## DATA SECTION
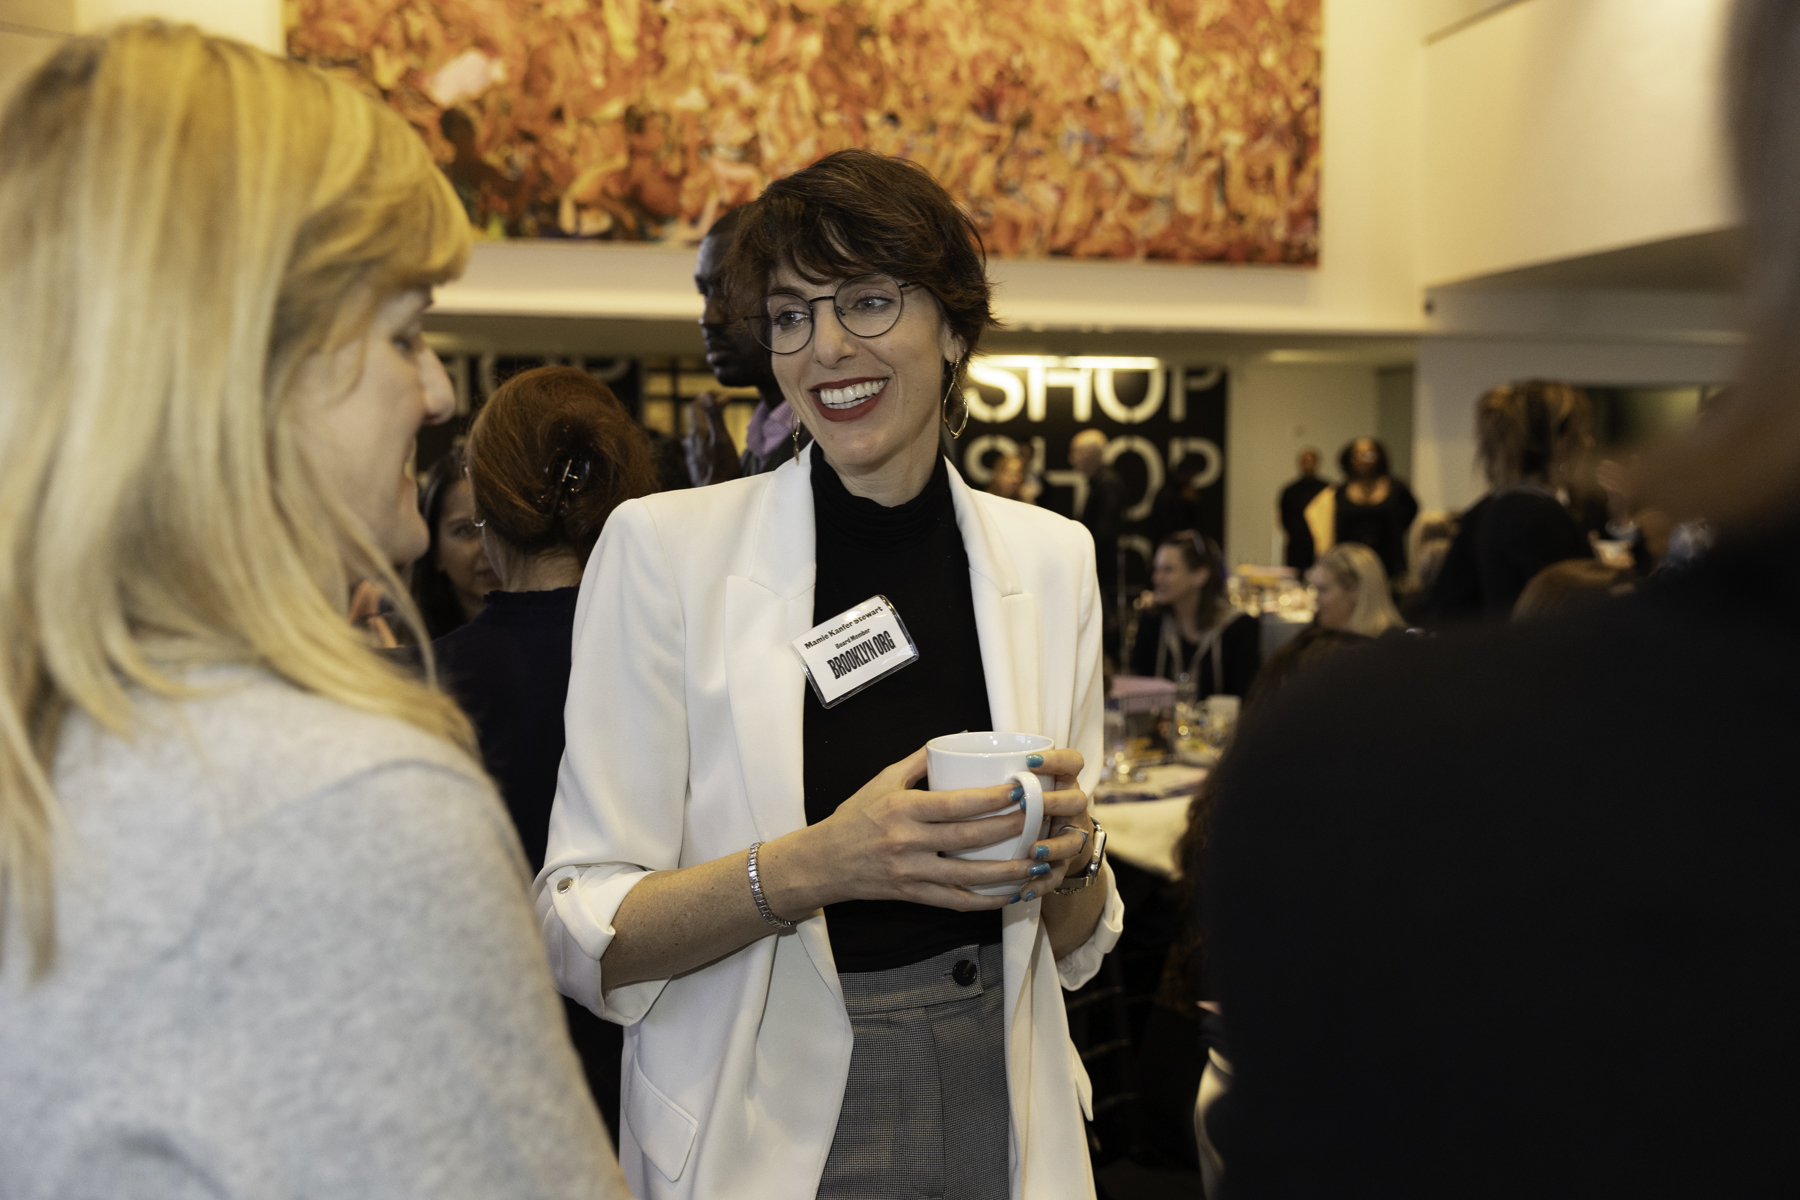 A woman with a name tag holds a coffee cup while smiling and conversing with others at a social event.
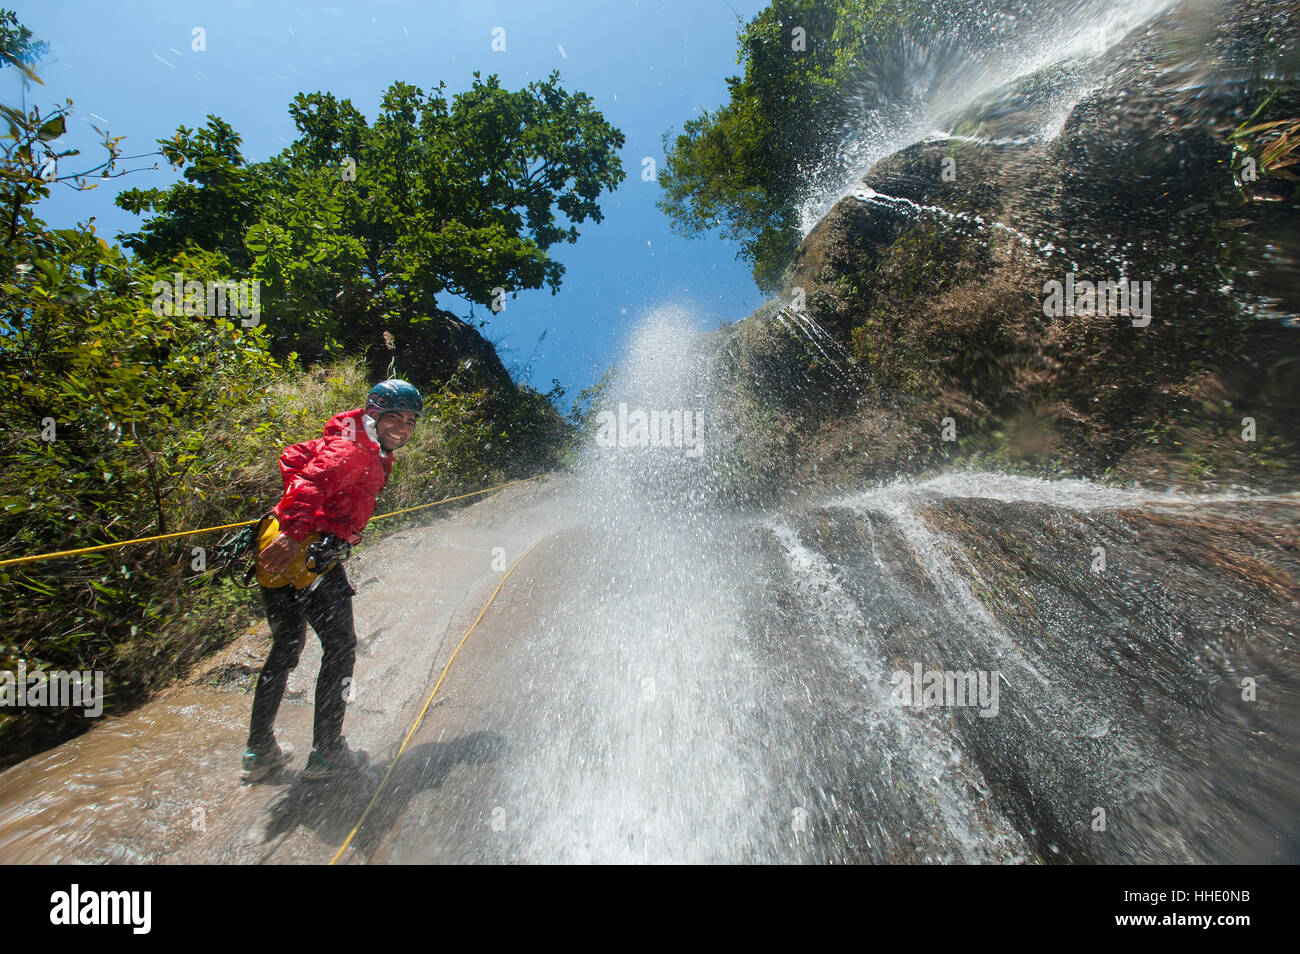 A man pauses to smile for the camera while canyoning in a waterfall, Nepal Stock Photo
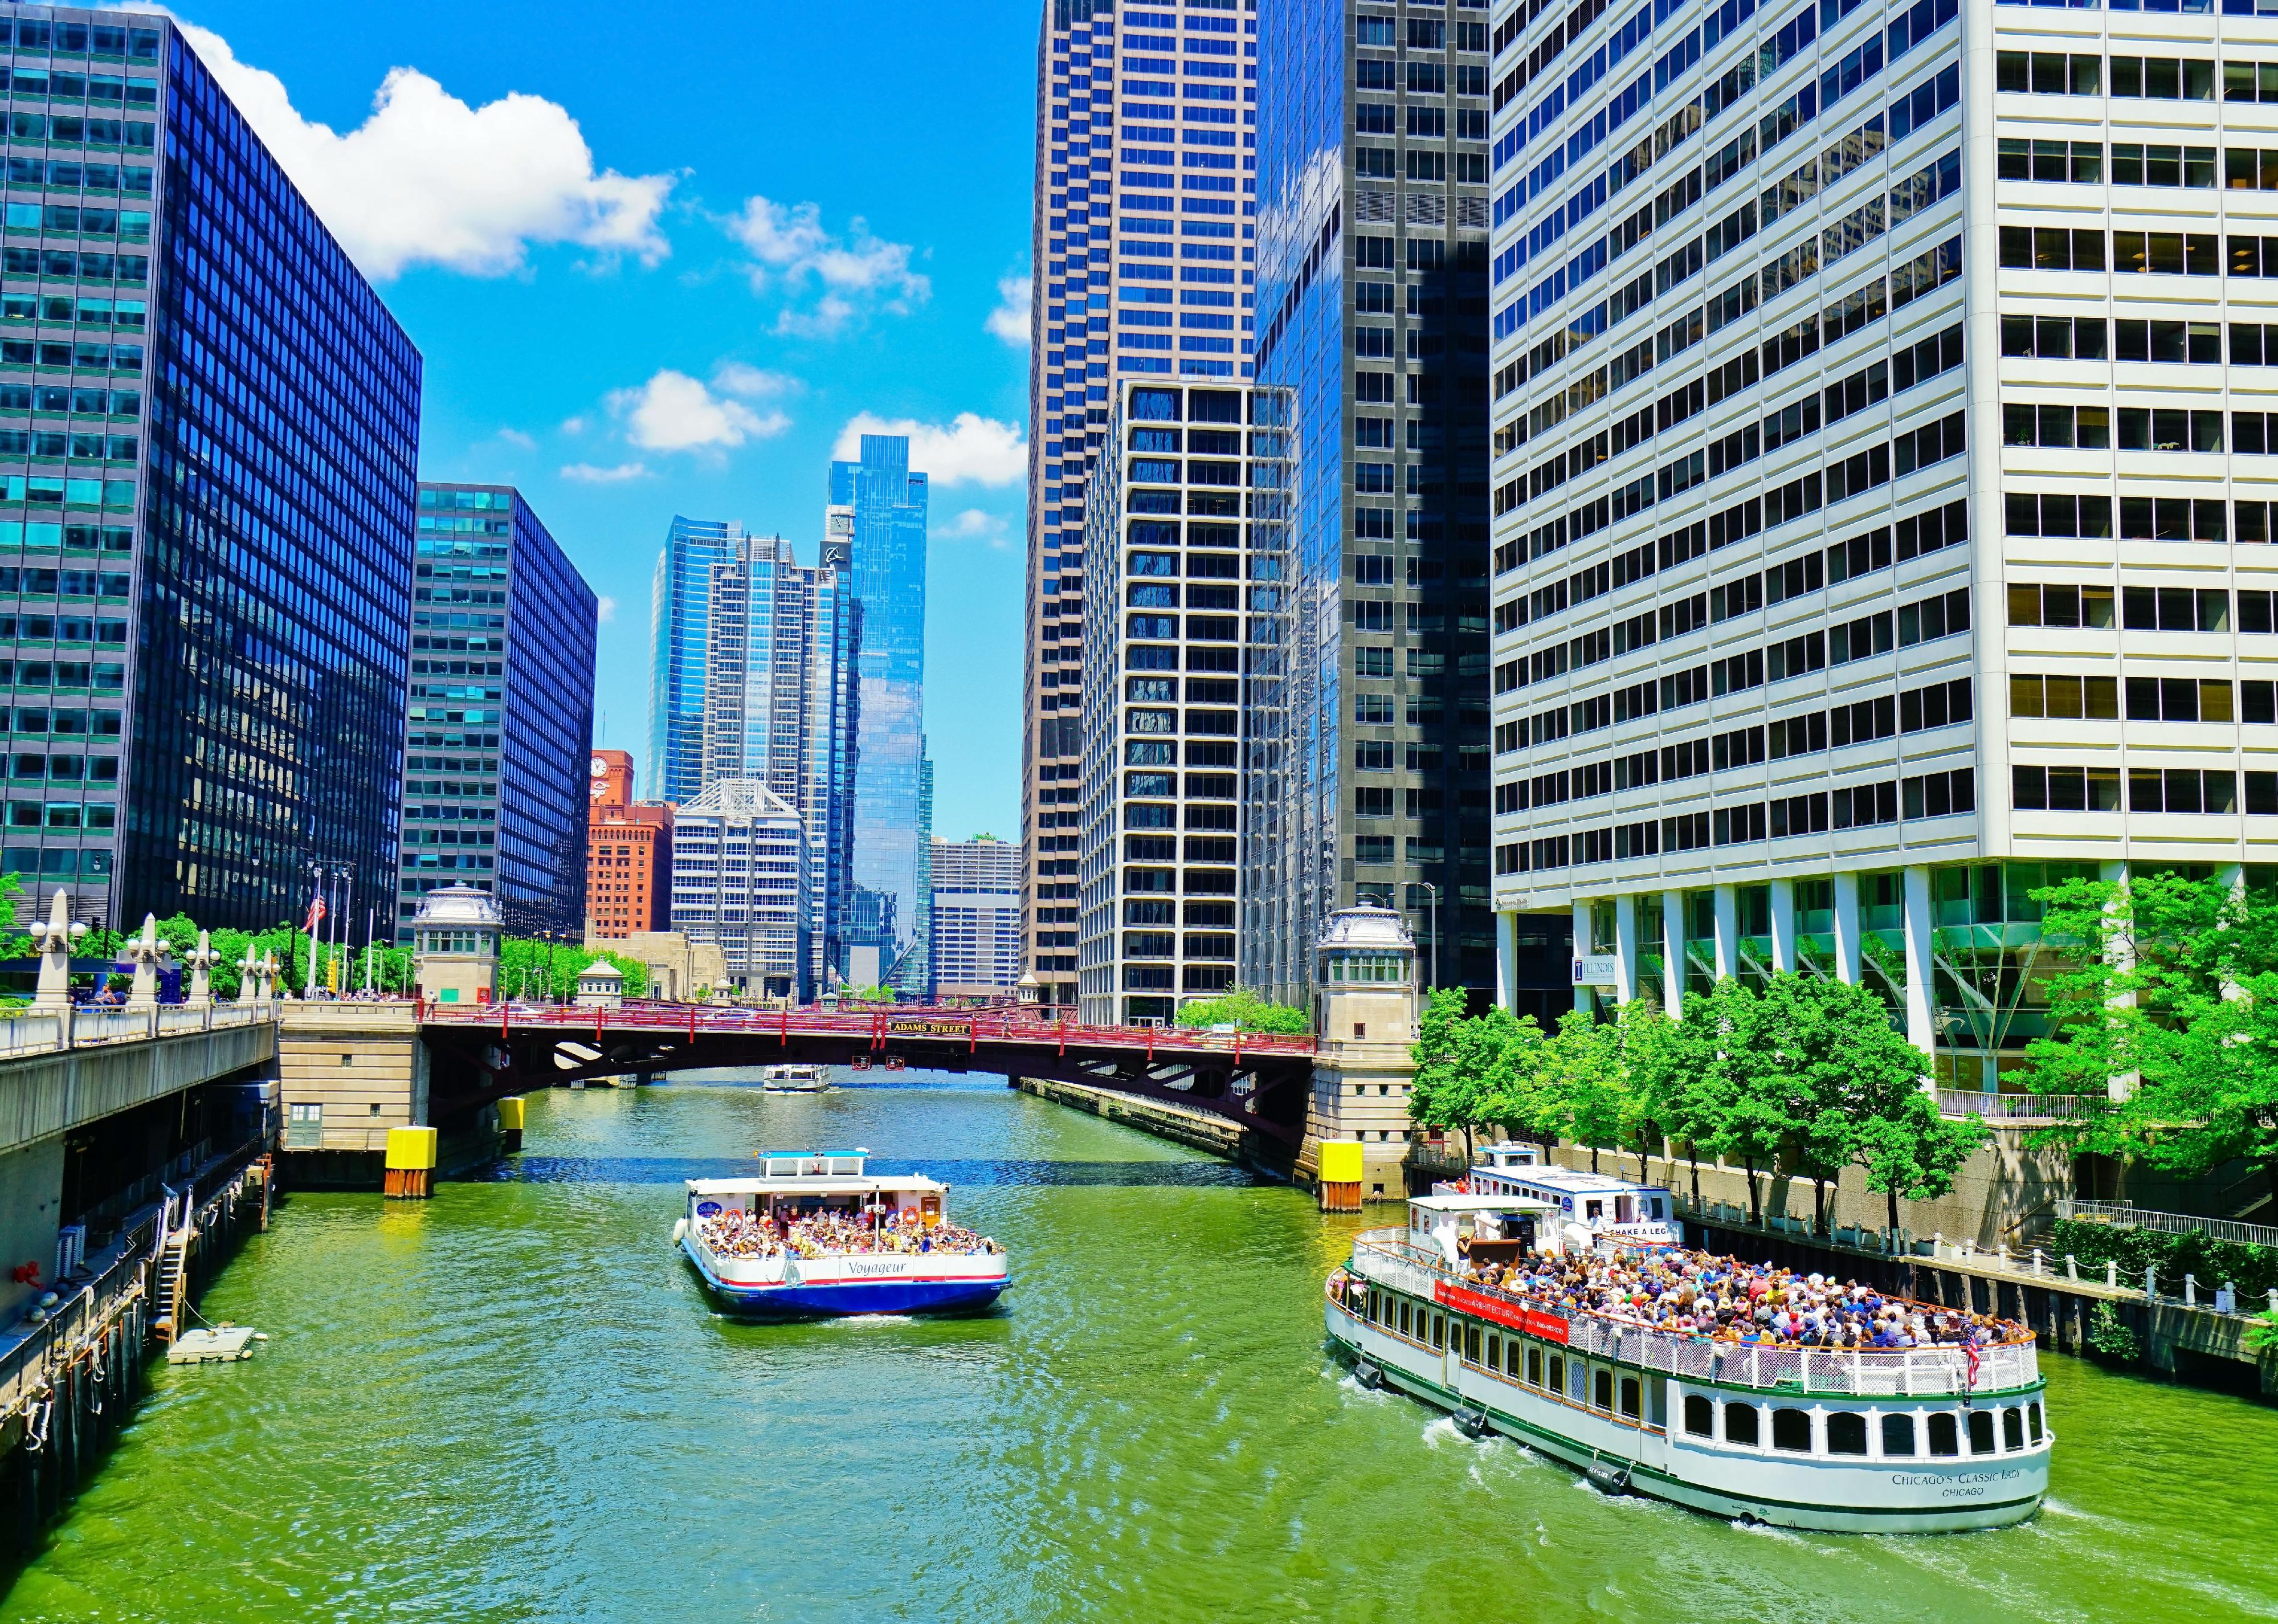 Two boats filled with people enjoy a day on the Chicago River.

## TASK DETAILS
Drop the images and return the data verbatim.

## EXPECTED ANSWER
 A woman with a name tag holds a coffee cup while smiling and conversing with others at a social event.
 A man pauses to smile for the camera while canyoning in a waterfall, Nepal Stock Photo
 Two boats filled with people enjoy a day on the Chicago River.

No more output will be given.